For this exercise, copy exactly every line from the one holding "Fotografía aérea del" through the end of the data, both included. Omit pictures.

Dataset section »
# # # # #
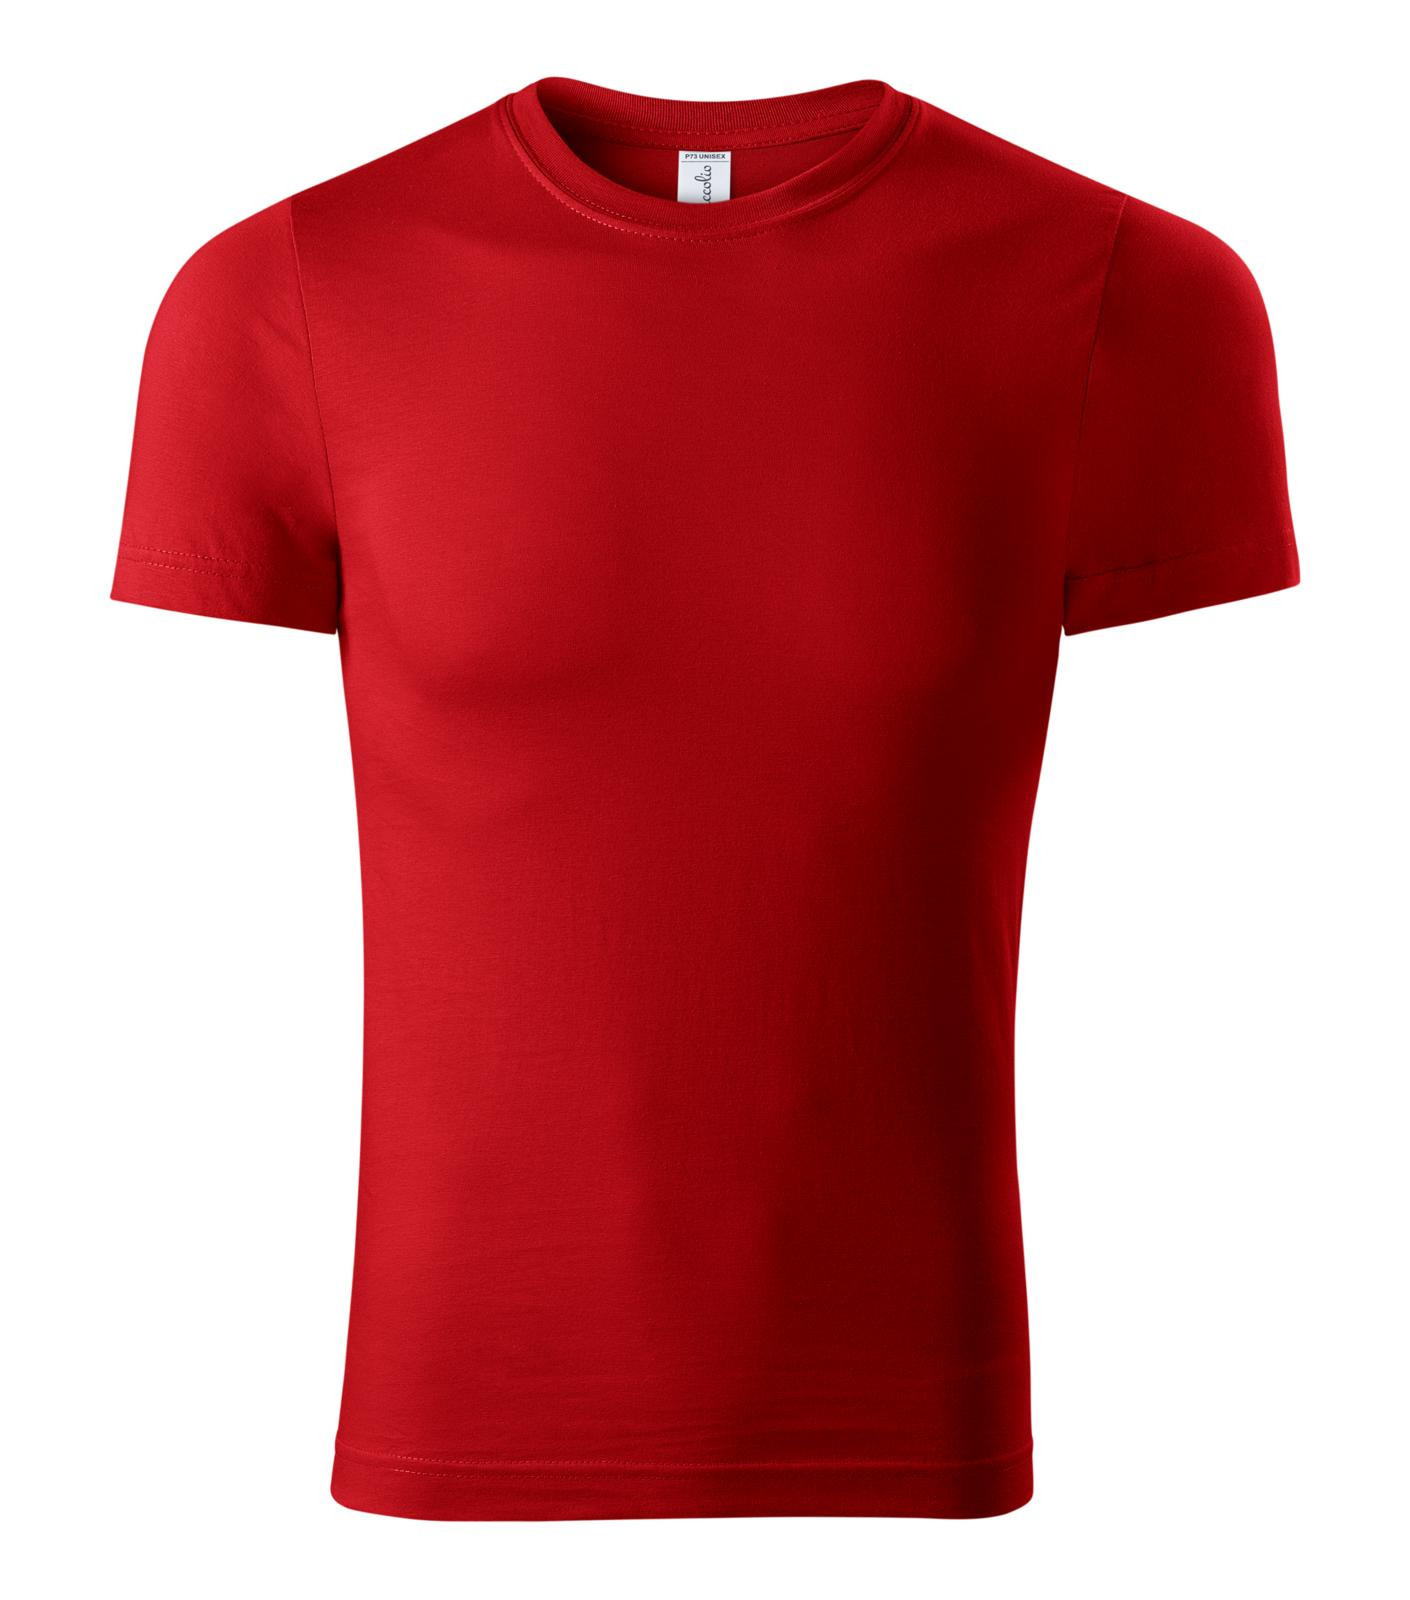 Unisex tričko Piccolio Paint P73 - veľkosť: S, farba: červená
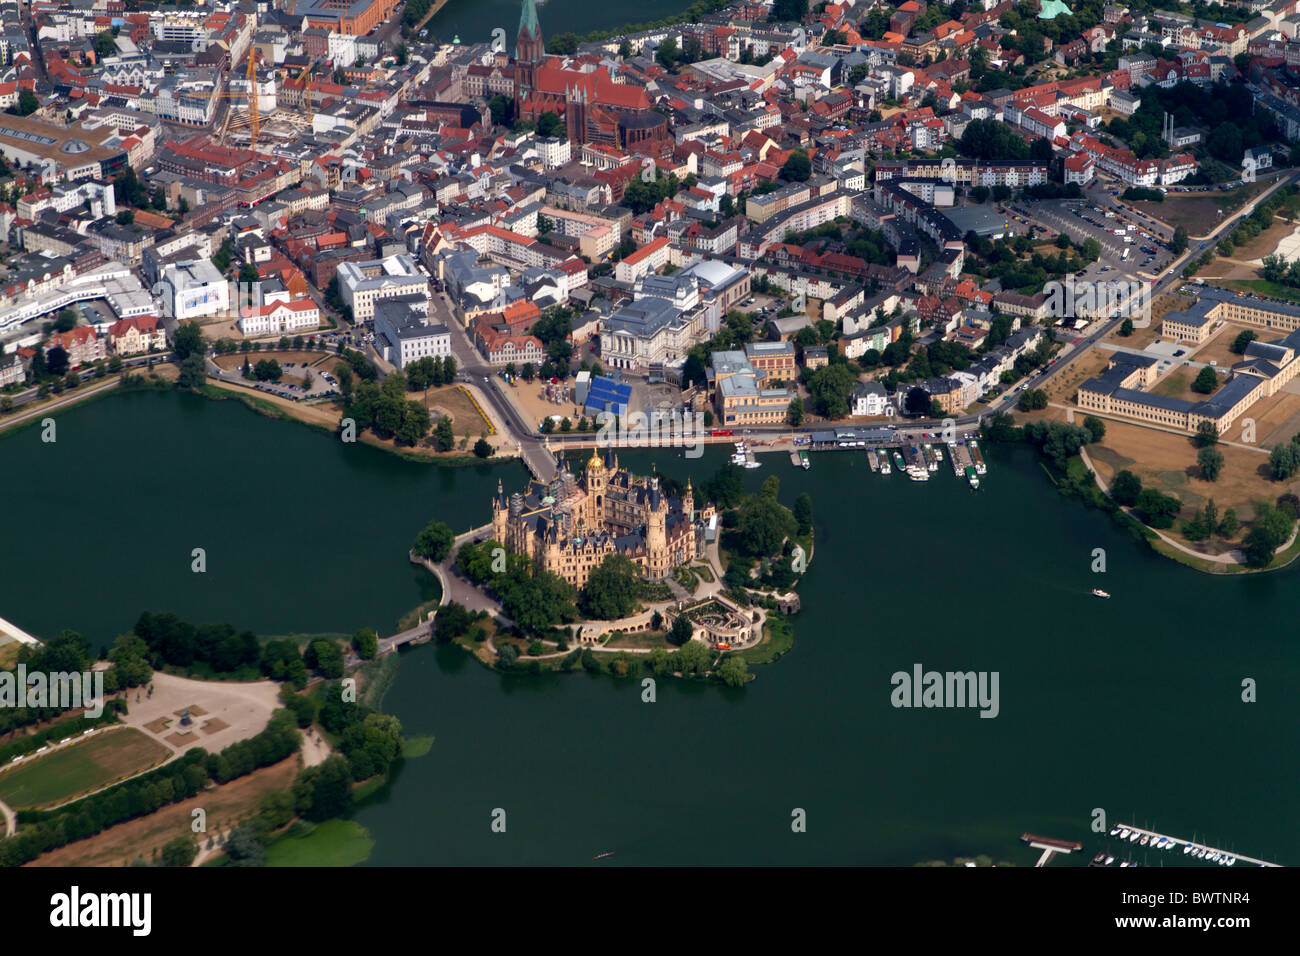 Fotografía aérea del castillo de Schwerin, Mecklenburg-Vorpommern, Alemania Foto de stock
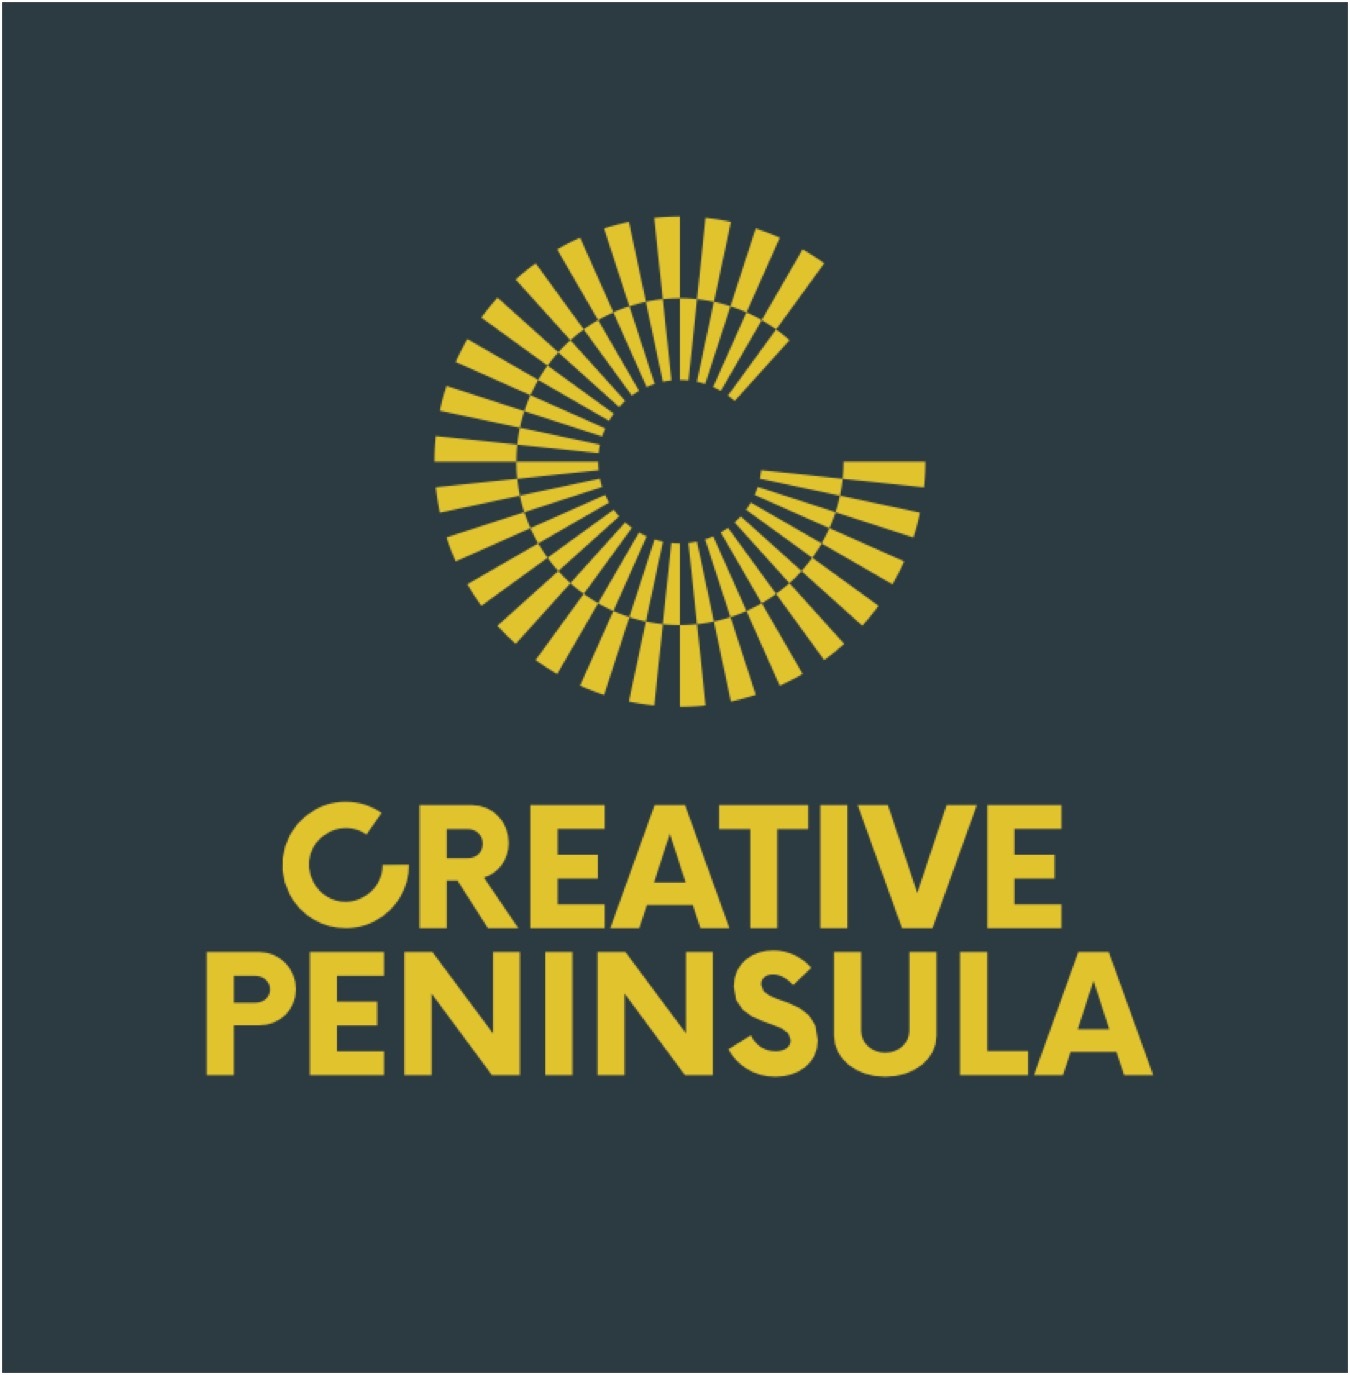 Creative Peninsula draft logo
# # # # #
Exercise result »
 Fotografía aérea del castillo de Schwerin, Mecklenburg-Vorpommern, Alemania Foto de stock
 Creative Peninsula draft logo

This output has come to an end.